Researchers at Sorbonne Universités and CNRS have recently investigated the prerequisites for the emergence of simplified spatial notions in robotic systems, based on on a robot’s sensorimotor flow. Their study, pre-published on arXiv, is a part of a larger project, in which they explored how fundamental perceptual notions (e.g. body, space, object, color, etc.) could be instilled in biological or artificial systems.
So far, the designs of robotic systems have mainly reflected the way in which human beings perceive the world. Designing robots guided solely by human intuition, however, could limit their perceptions to those experienced by humans.
To design fully autonomous robots, researchers might thus need to step away from human-related constructs, allowing robotic agents to develop their own way of perceiving the world. According to the team of researchers at Sorbonne Universités and CNRS, a robot should gradually develop its own perceptual notions exclusively by analyzing its sensorimotor experiences and identifying meaningful patterns.
“The general hypothesis is that no one gives perceptual notions to biological organisms,” Alexander Terekhov, one of the researchers who carried out the study, told TechXplore. “These concepts are instead developed over time, as useful tools that help them to make sense of the vast sensorimotor data they are constantly exposed to. As a consequence, a frog’s notion of space will most likely differ from that of a bat, which will in turn differ from that of humans. So when building a robot, what notion of space should we give it? Probably none of these. If we want robots to be truly intelligent, we should not build them using abstract notions, but instead, provide them with algorithms that will allow them to develop such notions themselves.”
Terekhov and his colleagues showed that the notion of space as environment-independent cannot be deduced only by exteroceptive information, as this information varies greatly depending on what is found in the environment. This notion could be better defined by looking into functions that link motor commands to changes in stimuli that are external to the agent.
“Important insight came from an old study by famous French mathematician Henri Poincare, who was interested in how mathematics in general and geometry in particular could emerge from human perception,” Terekhov said. “He suggested that the coincidence in the sensory input may play a crucial role.”
The ideas introduced by Poincare can be better explained with a simple example. When we look at a given object, the eyes capture a particular image, which will change if the object moves 10 cm to the left. However, if we move 10 cm left, the image we see will remain almost exactly the same.
“This property seems miraculous if you think about how many receptors the human body has,” Terekhov said. “It is nearly impossible to have the same input twice in a lifetime, yet we constantly experience it. These low-probability events may be used by the brain to construct general perceptual notions.”
To apply these ideas to the design of robotic systems, the researchers programmed a virtual robotic arm with a camera at its tip. The robot noted the measurements coming from the arm’s joints every time it received the same visual input. “By associating all these measurements, the robot builds an abstraction that is mathematically equivalent to the position and orientation of its camera, even though it has no explicit access to this information,” Terekhov said. “The most important thing is that even though this abstract notion is learned based on the visual input, it ends up being independent from it, and thus works for all environments; the same way our notion of space does not depend on the particular scene we see.”

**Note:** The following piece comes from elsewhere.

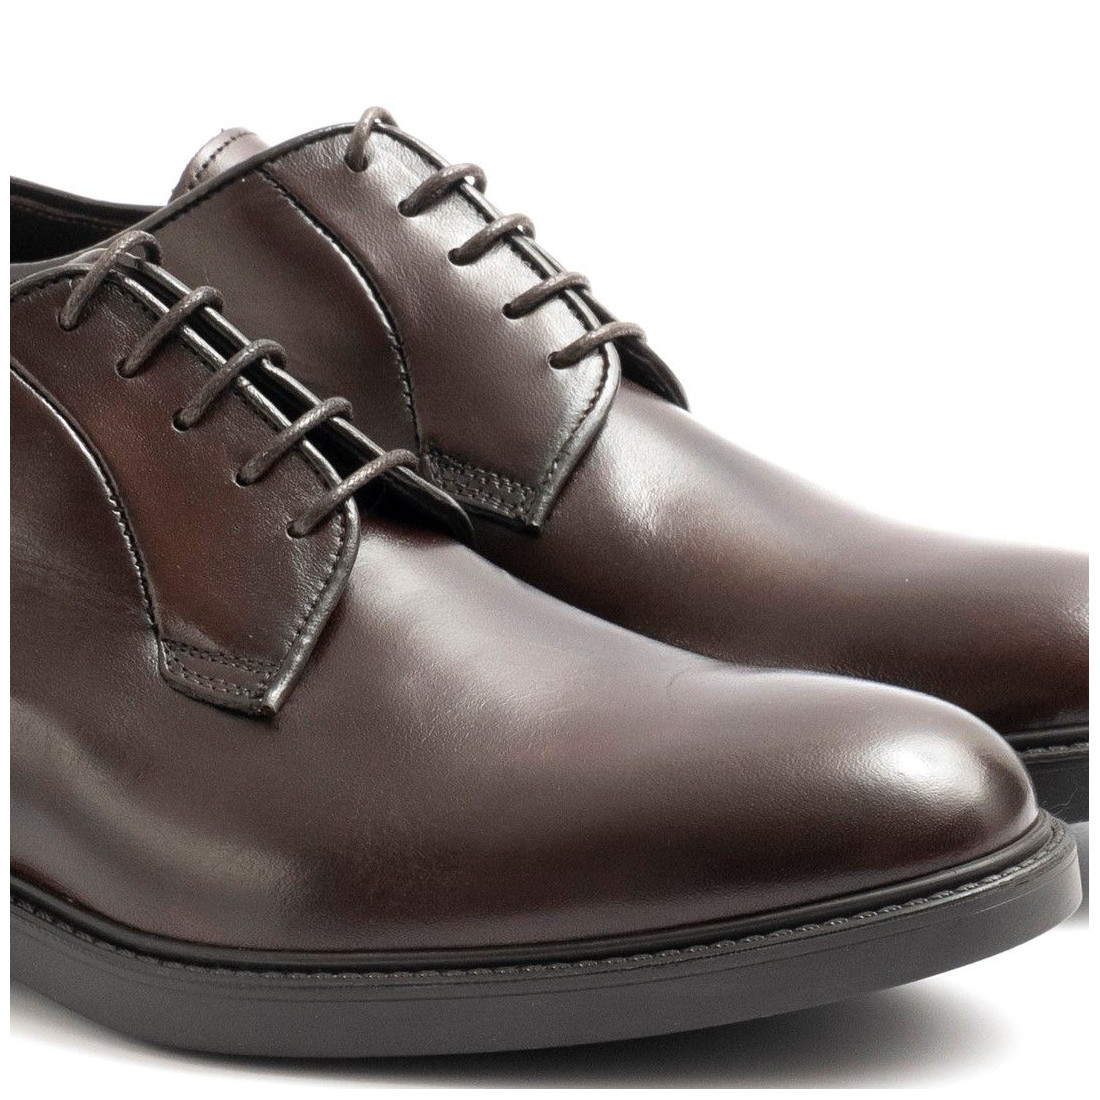 Men's Sangiorgio derby shoes in brown brushed leather

Applying the same principle in another study, the researchers successfully prompted a robot to compensate for an optical distortion caused by a lens placed in front of its camera. Typically, this would be attained by training algorithms on pairs of distorted and undistorted images.
“The tricky part of our study was that the robot had to complete this task by looking into the distorted images only, just like humans learn to compensate for the distortion introduced by eye glasses,” Terekhov said. “We believe that the principles introduced by Poincare, which are the basis of our algorithms, could be more general and are utilized by the brain at multiple levels. We are currently exploring the possibility of using these principles to build neural networks that do not suffer from catastrophic forgetting and can gradually accumulate knowledge.”